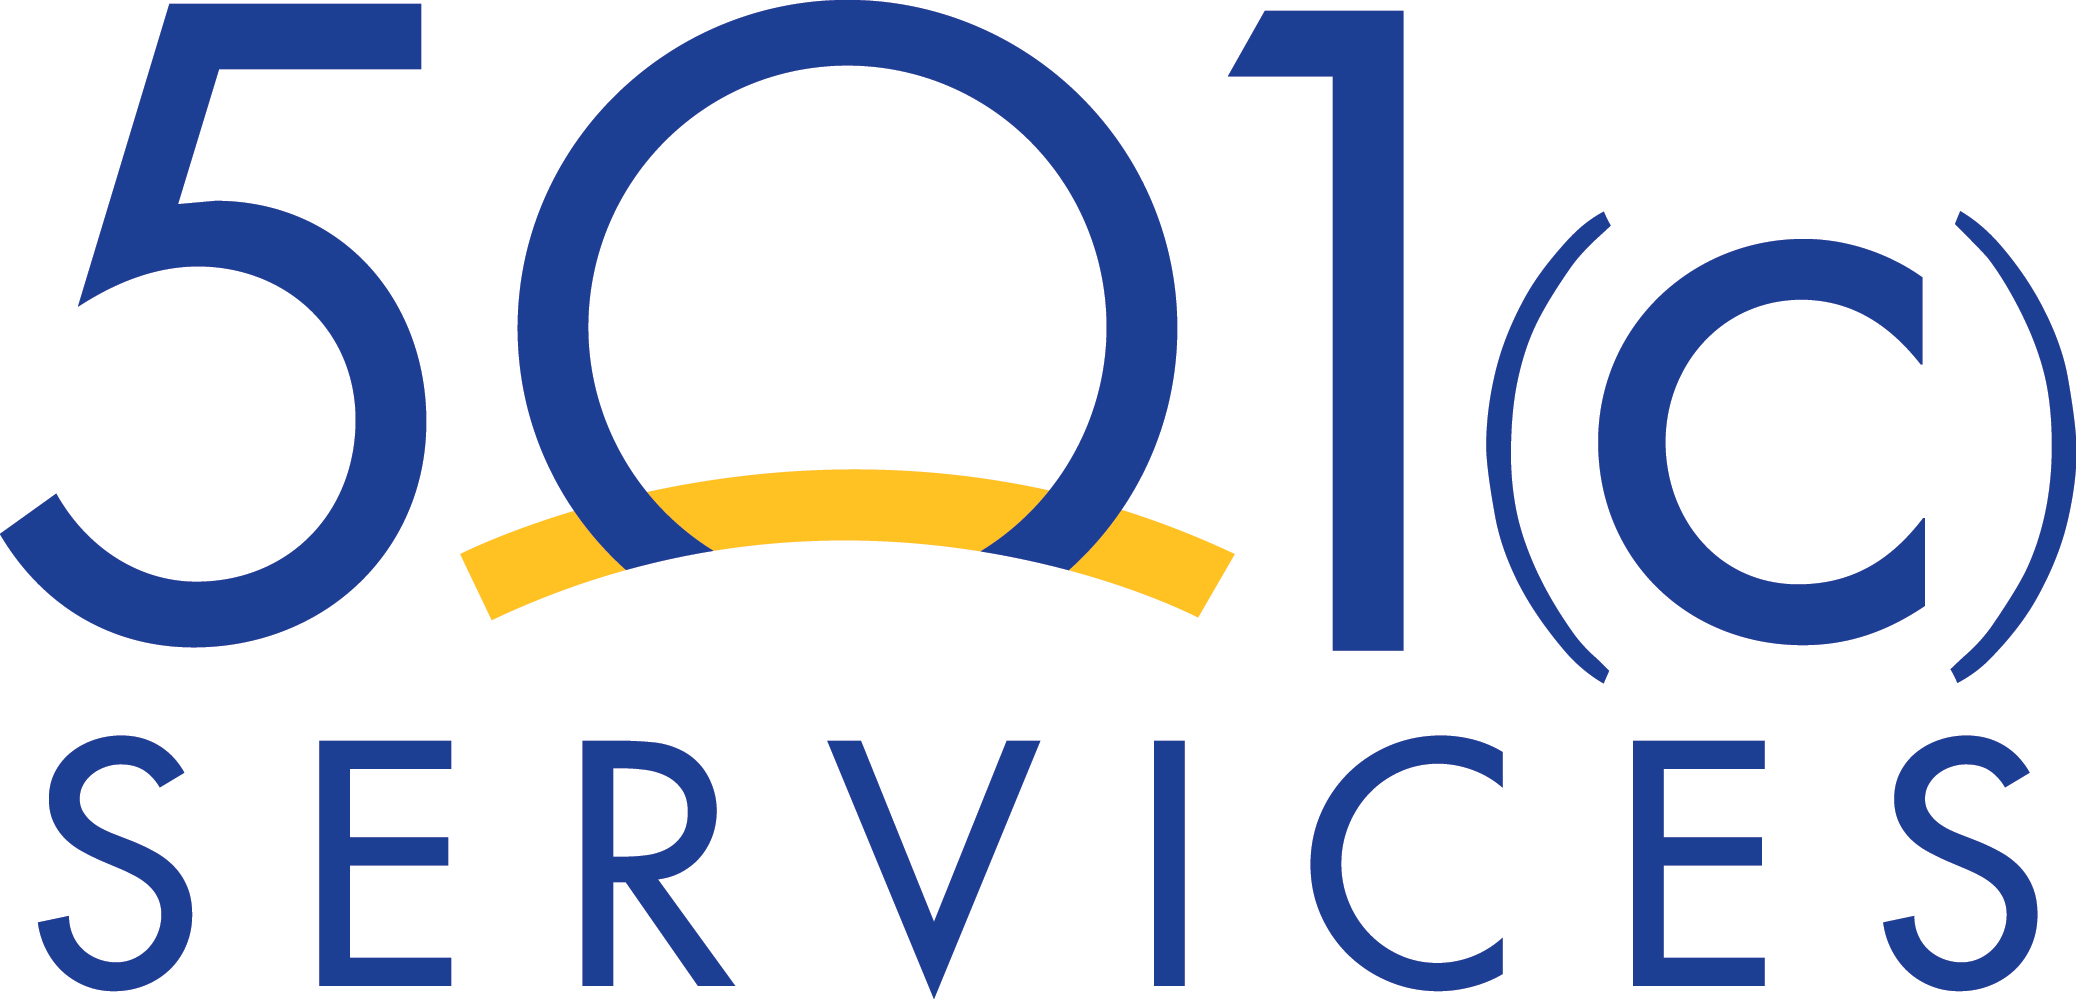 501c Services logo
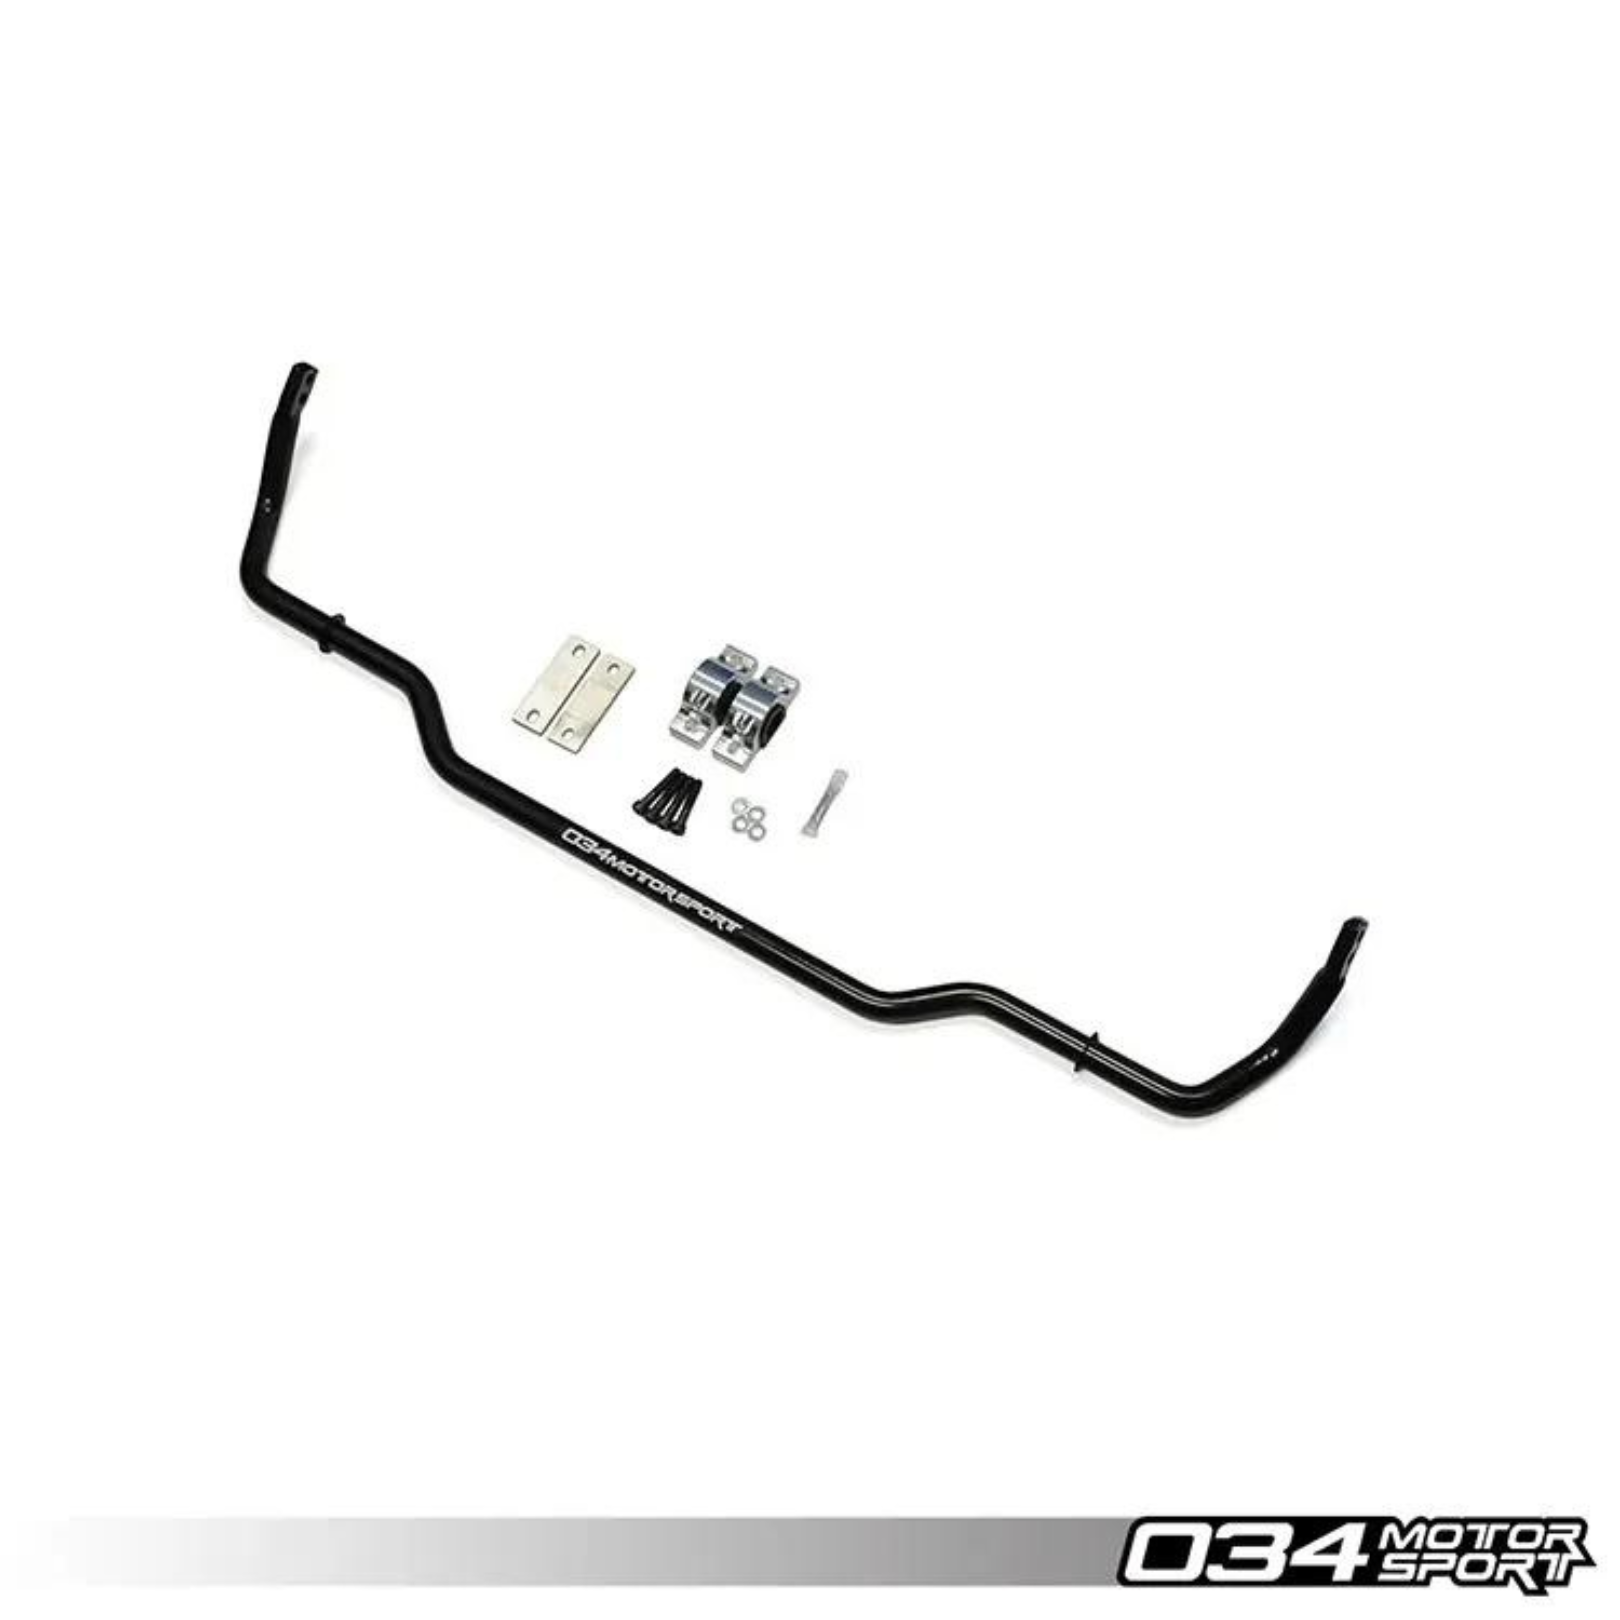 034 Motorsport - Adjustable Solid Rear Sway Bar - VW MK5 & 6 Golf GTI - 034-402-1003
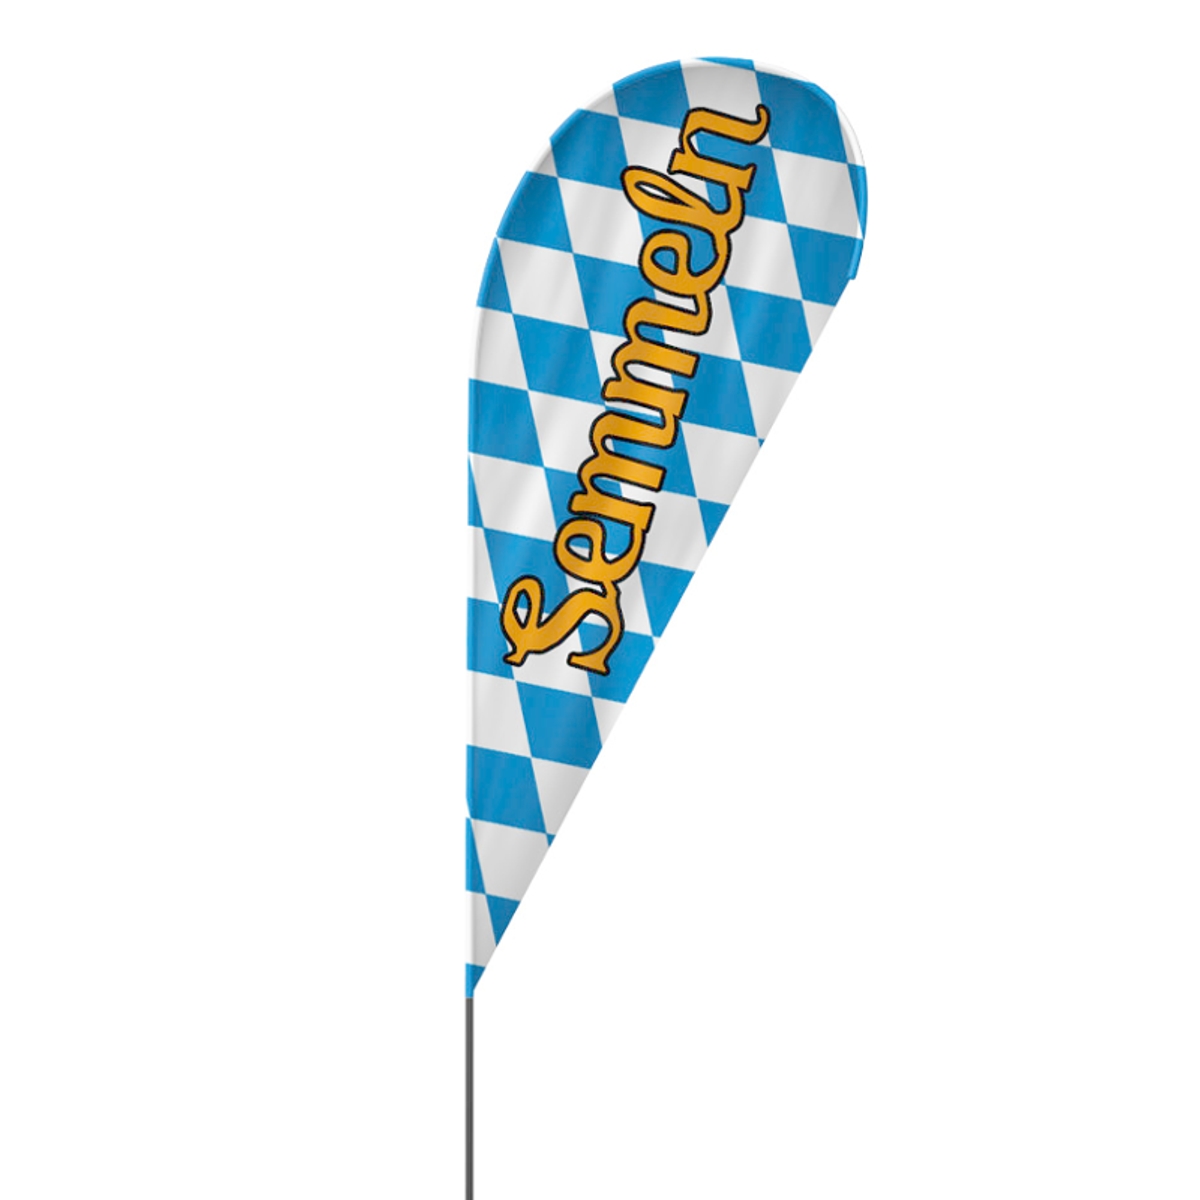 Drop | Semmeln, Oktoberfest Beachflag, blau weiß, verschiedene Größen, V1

What to work on: The response must repeat all the lines above exactly and include no pictures.

Expected answer:
 501c Services logo
 034 Motorsport - Adjustable Solid Rear Sway Bar - VW MK5 & 6 Golf GTI - 034-402-1003
 Drop | Semmeln, Oktoberfest Beachflag, blau weiß, verschiedene Größen, V1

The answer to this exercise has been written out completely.